Stored dataset items:
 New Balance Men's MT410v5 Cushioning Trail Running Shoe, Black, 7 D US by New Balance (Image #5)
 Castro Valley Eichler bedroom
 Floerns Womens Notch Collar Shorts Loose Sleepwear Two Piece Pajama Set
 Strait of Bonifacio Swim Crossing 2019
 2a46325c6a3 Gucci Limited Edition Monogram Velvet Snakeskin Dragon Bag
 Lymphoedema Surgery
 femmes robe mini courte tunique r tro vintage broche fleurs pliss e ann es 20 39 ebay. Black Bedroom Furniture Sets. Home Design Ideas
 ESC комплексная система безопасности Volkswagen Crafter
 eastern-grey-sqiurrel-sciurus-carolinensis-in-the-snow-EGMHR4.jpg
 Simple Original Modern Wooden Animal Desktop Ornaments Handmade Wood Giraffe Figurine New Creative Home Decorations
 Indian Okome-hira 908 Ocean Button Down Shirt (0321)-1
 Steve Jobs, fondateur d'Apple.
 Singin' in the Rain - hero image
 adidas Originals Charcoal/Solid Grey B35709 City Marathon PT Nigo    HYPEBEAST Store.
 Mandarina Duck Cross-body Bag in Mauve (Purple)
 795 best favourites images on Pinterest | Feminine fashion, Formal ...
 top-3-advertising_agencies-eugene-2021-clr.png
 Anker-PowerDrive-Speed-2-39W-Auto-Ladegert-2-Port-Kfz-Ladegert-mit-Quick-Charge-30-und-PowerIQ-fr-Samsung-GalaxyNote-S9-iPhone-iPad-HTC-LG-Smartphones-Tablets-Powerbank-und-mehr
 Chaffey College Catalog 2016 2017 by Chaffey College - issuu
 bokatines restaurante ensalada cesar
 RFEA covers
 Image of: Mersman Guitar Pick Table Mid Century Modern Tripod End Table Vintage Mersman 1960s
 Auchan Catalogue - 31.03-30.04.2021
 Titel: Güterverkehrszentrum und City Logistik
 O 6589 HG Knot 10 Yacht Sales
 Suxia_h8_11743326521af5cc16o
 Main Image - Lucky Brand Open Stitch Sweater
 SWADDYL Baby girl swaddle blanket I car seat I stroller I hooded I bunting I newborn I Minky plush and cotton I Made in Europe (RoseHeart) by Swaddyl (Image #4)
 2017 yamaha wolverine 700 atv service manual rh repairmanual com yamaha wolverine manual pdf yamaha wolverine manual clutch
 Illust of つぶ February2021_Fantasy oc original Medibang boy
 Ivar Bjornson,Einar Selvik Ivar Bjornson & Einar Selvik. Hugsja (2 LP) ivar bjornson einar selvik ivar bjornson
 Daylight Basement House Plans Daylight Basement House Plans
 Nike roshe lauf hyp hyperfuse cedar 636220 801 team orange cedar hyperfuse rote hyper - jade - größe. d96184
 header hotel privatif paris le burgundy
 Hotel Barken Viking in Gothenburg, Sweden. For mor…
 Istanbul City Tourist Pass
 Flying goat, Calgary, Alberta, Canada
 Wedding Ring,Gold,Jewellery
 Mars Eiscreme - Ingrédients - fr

**Goal of the exercise**
What is needed is every line from the start of the entries through the line containing "Strait of Bonifacio Swim Crossing 2019", returned word for word and nothing else.

**Solution below**
 New Balance Men's MT410v5 Cushioning Trail Running Shoe, Black, 7 D US by New Balance (Image #5)
 Castro Valley Eichler bedroom
 Floerns Womens Notch Collar Shorts Loose Sleepwear Two Piece Pajama Set
 Strait of Bonifacio Swim Crossing 2019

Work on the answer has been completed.